How To Clean Cloth Seats With Extractor

When was the last time your car’s interior had a thorough interior cleaning? When I ask that question to people who are interested in our interior cleaning services, they always say, “It’s never had one.”

This basically means we’re going to have to pull out the strong machines since the car hasn’t ever been thoroughly cleaned.

So if you’re going to think about cleaning your car’s interior, one of the better options you can choose is an extractor. There’s dozens and dozens of choices on the market, so it’s going to depend on personal preference, expectations, and budget in which the extractor you’ll buy.

Step 1: Vacuum

Before you can start to suck up all the nasty gunk with your extractor, the very first thing you’re going to need to do is to make sure there are no loose debris or dirt on the seat. If your extractor is not meant for sucking up anything but water, it can cause it some serious damage overtime.

Vacuum the flat surfaces, but also all the nooks and crannies that are often overlooked. Use your hands to pull back the seams of the seats so you can make sure you get all the tiny gunk and dirt .

Step 2: Spot Clean

Depending on the extractor that you buy, the power will vary in strength. Nonetheless, even if you have a super strong one or a not-as-strong one, you should always spot clean in your seats.

This means if there’s a singular or several singular spots on the seats that are stains or marks, you should clean those specific areas (not entirely perfect, of course) to make it easier for you when you’re extracting the seats.

For spot cleaning, you’ll need an all purpose cleaner (APC), a small brush, and a towel. That should be enough as you’re only going to be spot cleaning.

Step 3: Extract

Now that you’ve got the heavy debris out of the way by vacuuming it and the spots are taken care of, now you can use your extractor to get all the gunk out of the seats.

As a side note, there are some extractors that have a see-through vacuum attachment that will allow you to see what you’re pulling up. So when you’re using the extractor, the water will go from white to dark black and brown as that’s all the gunk that you’re pulling up from the seat.

You’re going to start from the top of the seats, the head bolster, and work your way down. That way you’re not going to work over yourself. You’ll want to do even strokes with quick passes. On the heavier parts that are dirty, you can slow your speed to give the water enough time to break down the soil and suck it up.
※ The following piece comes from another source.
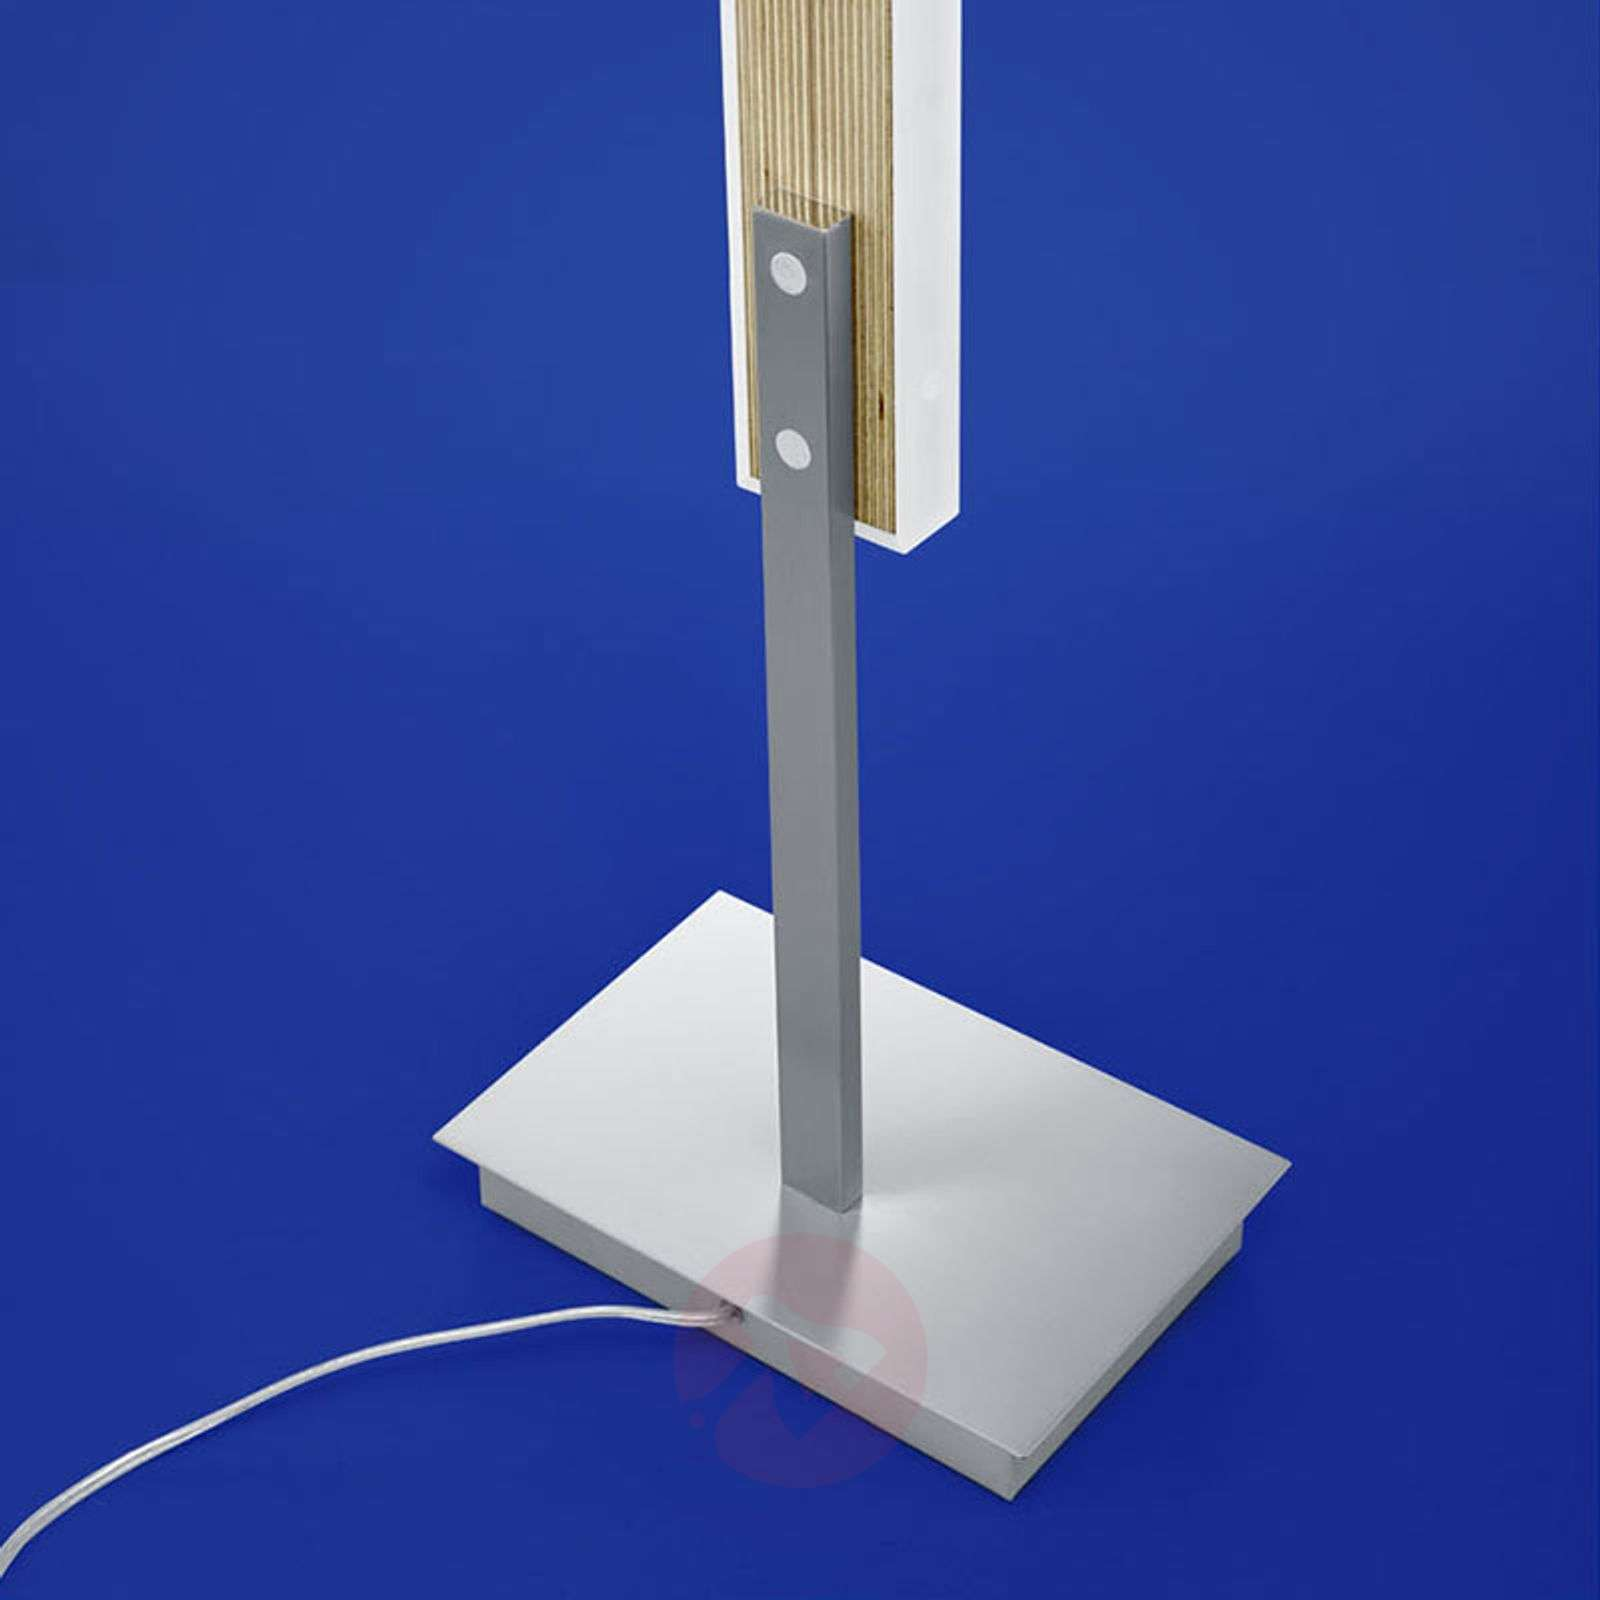 LED-lattiavalo Kiruna Wood liikehimmentimellä-1554074-01

You can also spray all purpose cleaner as you’re going along if you think it’s needed. It’ll help with the extraction as it will break down some of the simply  simple stains and such.

Step 4: Mop Up

Since you’re putting water into the seat, the seat is going to stay wet for a couple hours. So to make it spend less time, you should use a dry towel and mop up as much water reside on the seats as possible. You’ll probably have to use several towels depending on the type of seats that you have, how much water you used, and the type of material the seat is.

Another great step you can take is to set some small fans to help the drying process faster.